Museums Bring Out New Feelings and History

We each visit a museum of African American history, and tell what it means to us. Guy goes to the George Washington Carver Museum in Tuskegee and Amy to the National Museum of African American History and Culture in Washington.  

By Guy Trammell Jr.

Visiting museums is an exciting part of life for me. I enjoy exploring history, and it’s the museums that bring out aspects that could easily be missed.

The Slavery and Civil Rights Museum in Selma, with Sister Yomi as curator, is a great example of that. Sister Yomi enters the character of historic figures and interprets the history through their lives. I have visited museums throughout the southern U.S. and other areas of the country, including the Smithsonian in D.C. The Jimmy Carter Center in Atlanta and Hitsville in Detroit, the birthplace of Motown Records, both stand out as extraordinary examples of interpreting history.

However, my very favorite museum and the one that has the most meaning for me is right here in Tuskegee. The George Washington Carver Museum, which is part of the Tuskegee Institute National Historic Site, is one of the first museums I ever visited. It made a major impression on me as an elementary school student. The displays of all the vegetables and fruits Carver experimented with, along with the hundreds of products he invented from the peanut, amazed me. I looked in wonder at his laboratory, the automobile part he created from the peanut, and his numerous publications.

My interest in science caused me to wonder how so much knowledge and inventiveness could come from one person. My fascination increased when I saw the art and the crafts he created. I viewed his painting, and saw the colors he created from the clay soil I played in every day. Then I saw his needlework, the crochet and knit art he created at the same time he was teaching school, managing the campus farm, developing the campus landscape of flowers, trees and shrubbery, creating more inventions, and exploring science. The experience was simply amazing.

On top of that, the early Carver Museum had dioramas. These were scenes from the world’s history, with miniature figures of people, animals, trees and buildings depicting a particular time and location. It was like traveling around the world and back in time, viewing the great civilizations. I loved toys, of course, but these miniatures were teaching me history.

Later I learned that the building housing the museum was once the campus laundry. This was appropriate, I learned, because Carver did laundry to pay his way through school. The more I have learned through the years about this incredible scientist, artist and human being, the more I have grown to appreciate the museum and the things I am still learning when I visit.

By Amy Miller

In the fall of 2016, the Smithsonian’s National Museum of African American History and Culture officially opened in Washington DC, the only national museum devoted exclusively to African American life, art, history and culture. The opening ceremony was simulcast into the Portsmouth Public Library where, gathered together, was a group that included the most people of color I had been part of in the Maine/New Hampshire Seacoast area.

Two years later I was lucky enough to get tickets to this museum, a crown set on the corner of the National Mall in the shadow of the Washington Monument. Here too I entered a museum where I was surrounded by more people who were not white — as in more African Americans– than I had ever experienced in a museum in the United States.

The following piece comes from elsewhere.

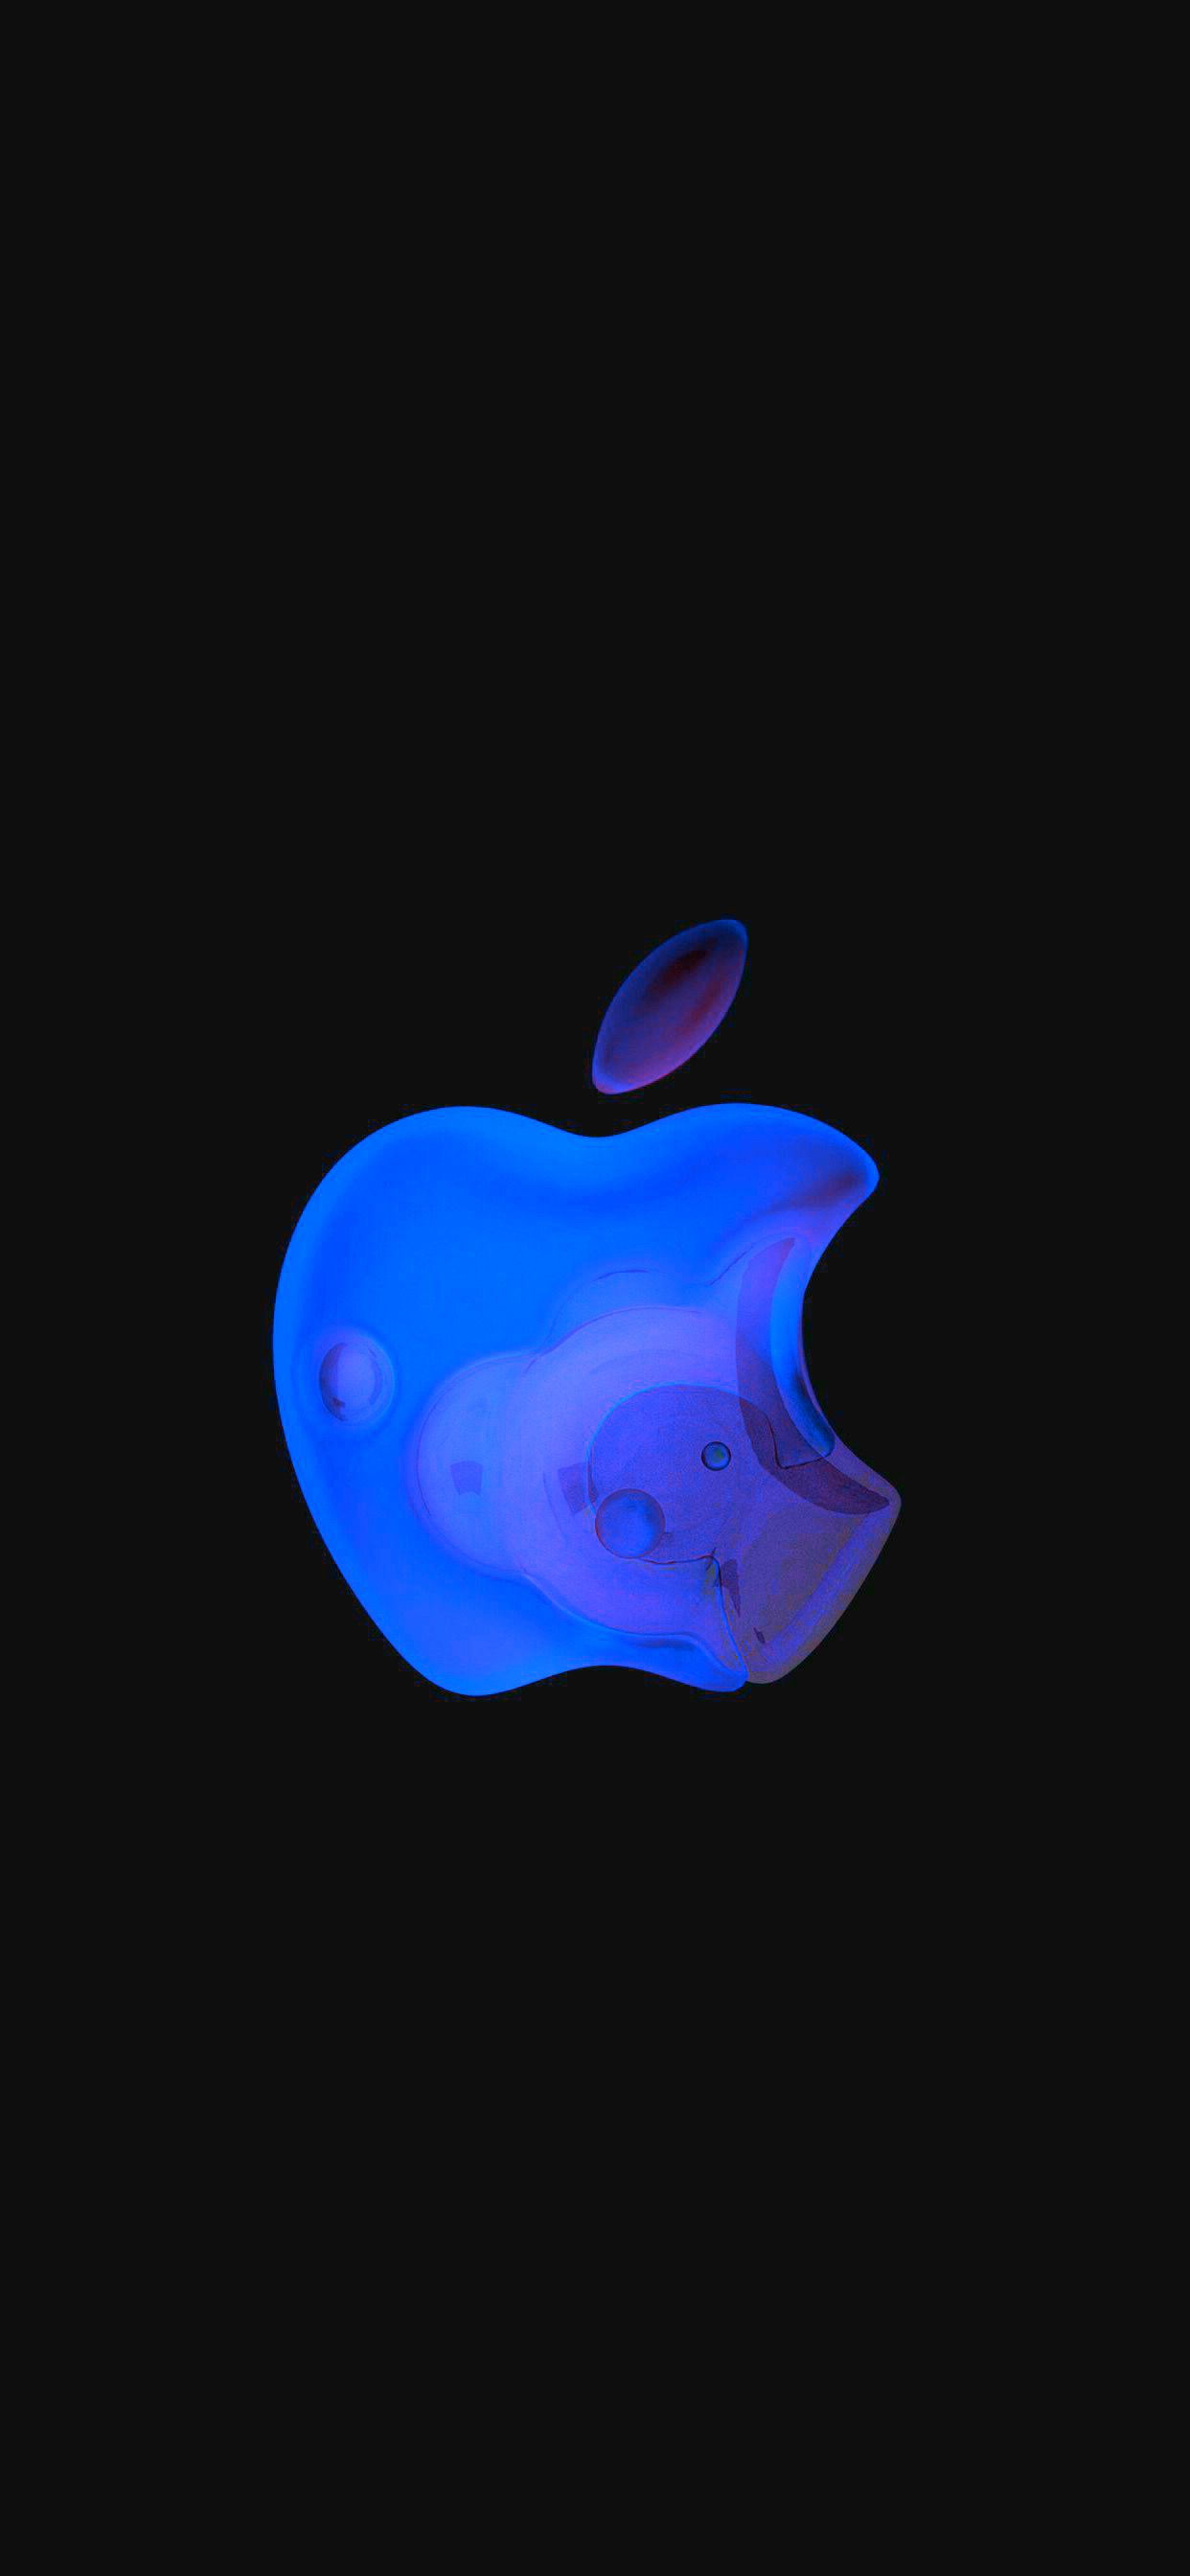 Apple Logo iPhone 11 Pro Max Wallpapers - Wallpaper Cave

The museum celebrates African American pioneers and highlights the successes of African Americans at the same time it takes us through the economics and brutality of slavery that is our shared history. Walking through the museum in the company of so many people whose experiences with race are different from my own was as powerful, perhaps, as the exhibits I saw.

I loved seeing a plane of the Tuskegee Airmen flying above the crowds, and feeling that I had some small connection to those heroic pilots through my friends in Tuskegee. I was moved by seeing Nat Turner’s bible, and horrified by the small shackles that must have been used on children and the auction blocks that once held people who were put up for bid.

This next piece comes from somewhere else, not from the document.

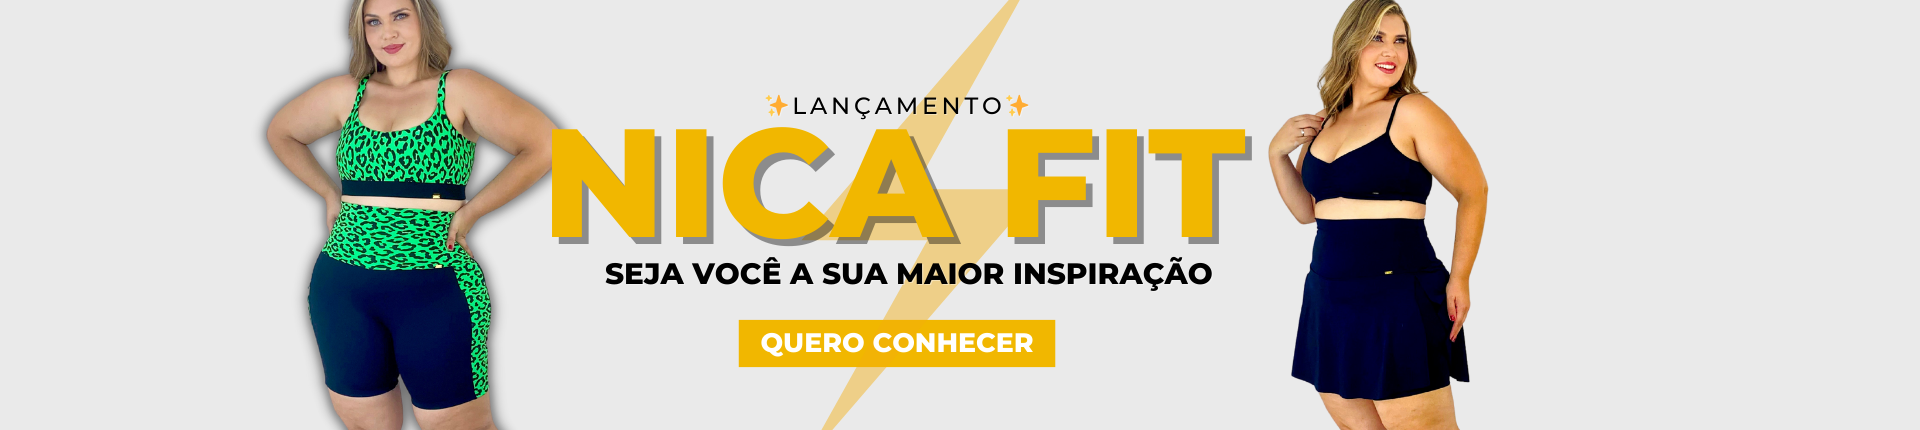 Nica Fit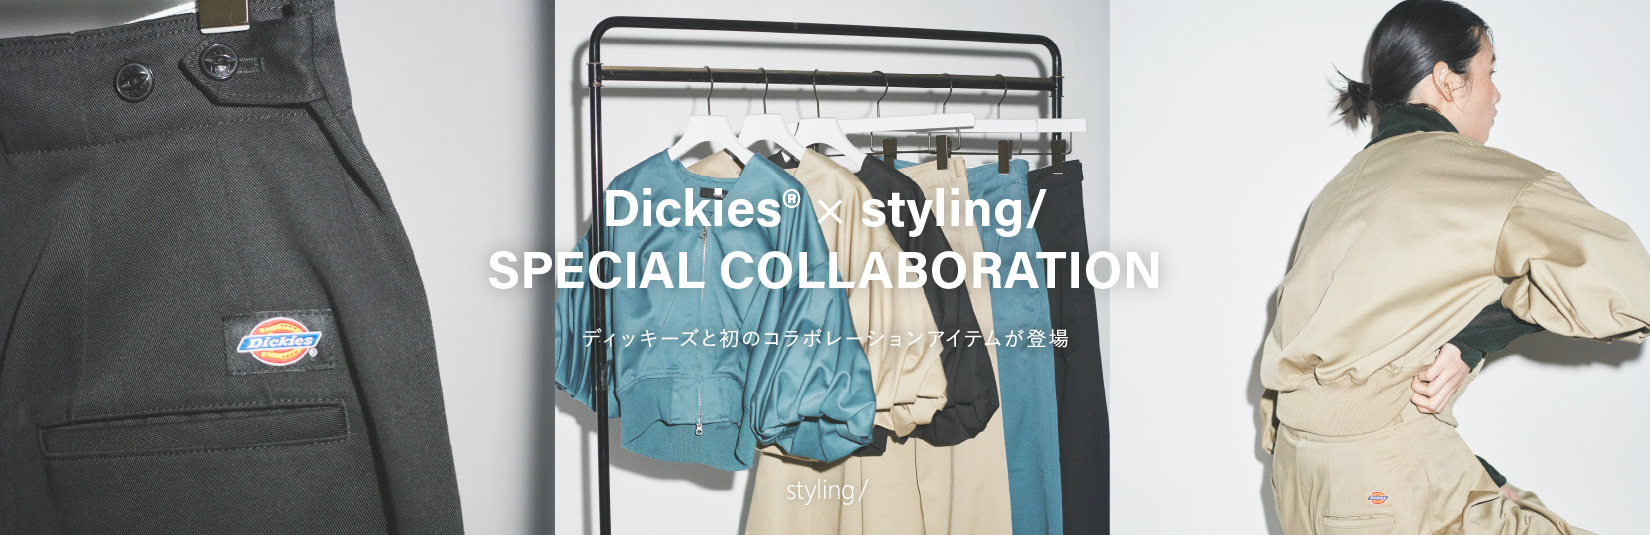 Dickies® × styling/ SPECIAL COLLABORATION

The most emotional moment for me was in a quiet room with the original casket of Emmett Till. Till was beaten to death in 1955 at the age of 14 for whistling at a white woman in Mississippi. His mother decided his coffin should be open so the world could see her son’s mangled body, the result of racism. His remains have been reburied and the original casket sits in the museum. I stood before the velvet barrier while tears streamed down the face of an African American man beside me. It was not my moment to share, but nonetheless I was there, a witness to a kind pain that will never be fully mine.

The Washington museum has a contemplation room so people can sit with their feelings after they pass by the exhibits of tragedy and achievement. I wondered what it would be like if there were also a “connection room,” a place where people passing through the museum,– people who might not normally come together — could talk.

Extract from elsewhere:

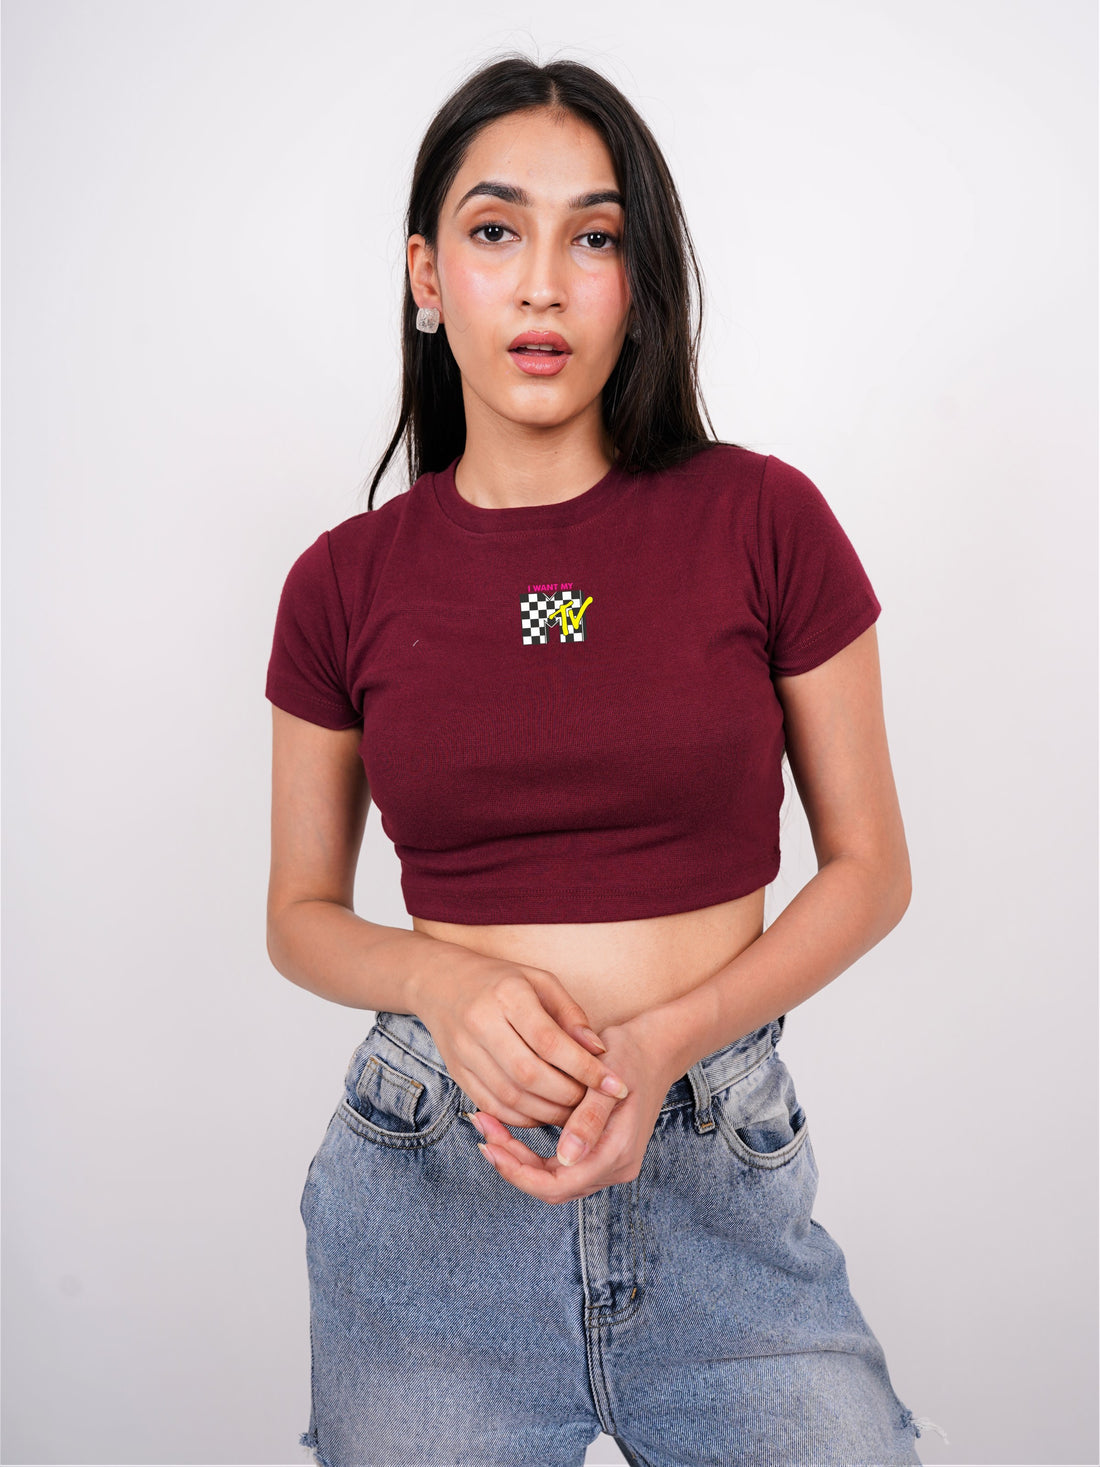 I Want My MTV Check - Burger Bae Round Neck Crop Baby Tee For Women

In his speech at the museum’s opening ceremony in 2016, President Barack Obama said, “Hopefully this museum can help us talk to each other. And more importantly, listen to each other. And most importantly, see each other.”

That same fall, South Berwick approached Tuskegee about becoming sister cities. We quoted Obama in our letter to Mayor Haygood and other leaders. We said our mission was precisely this: to better talk to each other and listen to each other.

Perhaps our Sister City relationship is our form of a “connection room.” Maybe this column can be another form of connection room.

President George W. Bush had set the stage more than a decade before the National African American museum opened to ensure the newest Smithsonian institution was on the National Mall, in a place of prominence.

“A great nation does not hide its history,” he said at the museum’s opening. “It faces its flaws, and corrects them.”